New regulation after the 2008 financial crisis requires that all firms must maintain a Tier 1 capital ratio greater than 4.5%. On top of this, there are additional buffers based on scale, risk profile, and other regulatory classifications, so that at the end of the day, firms generally must maintain a 7-10% ratio at minimum.

Over the last two years, Customers Bancorp has averaged a Tier 1 capital ratio of 12.6%, which is considered safe and well capitalized in the event that macro or market conditions suddenly deteriorate.

10. Return on Equity

Return on equity, or ROE, tells us how much profit a company generates for each dollar of shareholder equity, a key funding source for banks. Over a long period, banks with high ROE tend to compound shareholder wealth faster through retained earnings, buybacks, and dividends.

Over the last five years, Customers Bancorp has averaged an ROE of 16.7%, excellent for a company operating in a sector where the average shakes out around 7.5% and those putting up 15%+ are greatly admired. This shows Customers Bancorp has a strong competitive moat.

Customers Bancorp Return on Equity

11. Key Takeaways from Customers Bancorp’s Q4 Results

It was encouraging to see Customers Bancorp beat analysts’ revenue expectations this quarter. We were also happy its net interest income outperformed Wall Street’s estimates. On the other hand, its EPS slightly beat. Overall, this print had some key positives. Investors were likely hoping for more, and shares traded down 2.7% to $78.98 immediately following the results.

12. Is Now The Time To Buy Customers Bancorp?

Updated: January 22, 2026 at 5:10 PM EST

Are you wondering whether to buy Customers Bancorp or pass? We urge investors to not only consider the latest earnings results but also longer-term business quality and valuation as well.

There are some positives when it comes to Customers Bancorp’s fundamentals. To kick things off, its revenue growth was solid over the last five years. And while Customers Bancorp’s worsening efficiency ratio shows the business has become less productive, its anticipated efficiency ratio over the next year signals it will gain leverage on its fixed costs.

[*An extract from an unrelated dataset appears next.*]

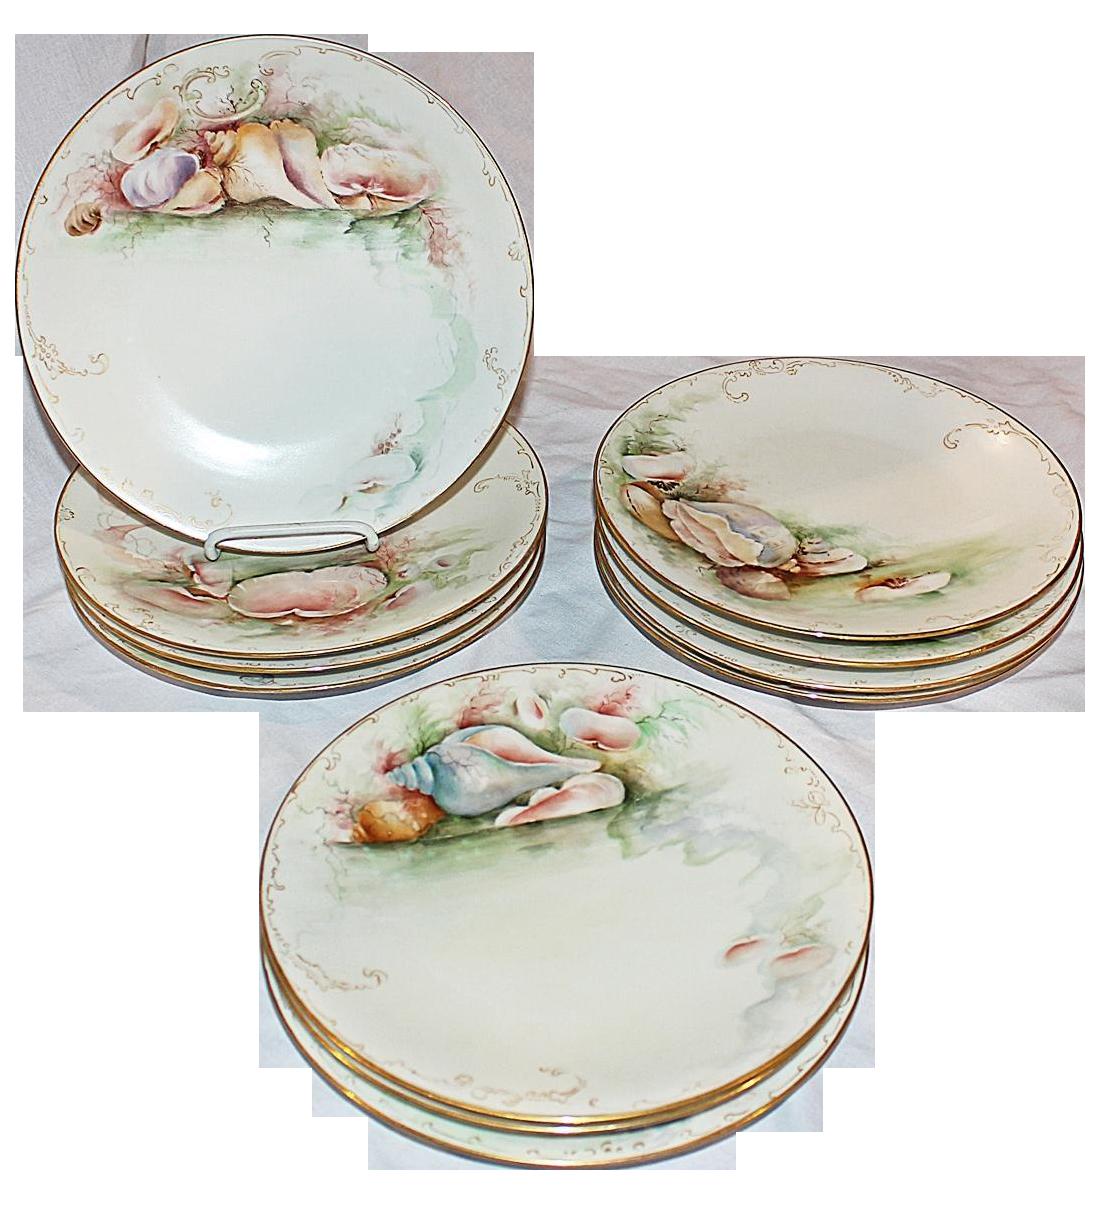 Limoges France Ocean Plates - Set of 11  sc 1 st  Chairish & Limoges France Ocean Plates - Set of 11 | Chairish

Customers Bancorp’s P/B ratio based on the next 12 months is 1.2x. Looking at the banking landscape right now, Customers Bancorp trades at a pretty interesting price. If you trust the business and its direction, this is an ideal time to buy.

Wall Street analysts have a consensus one-year price target of $87 on the company (compared to the current share price of $78.98), implying they see 10.2% upside in buying Customers Bancorp in the short term.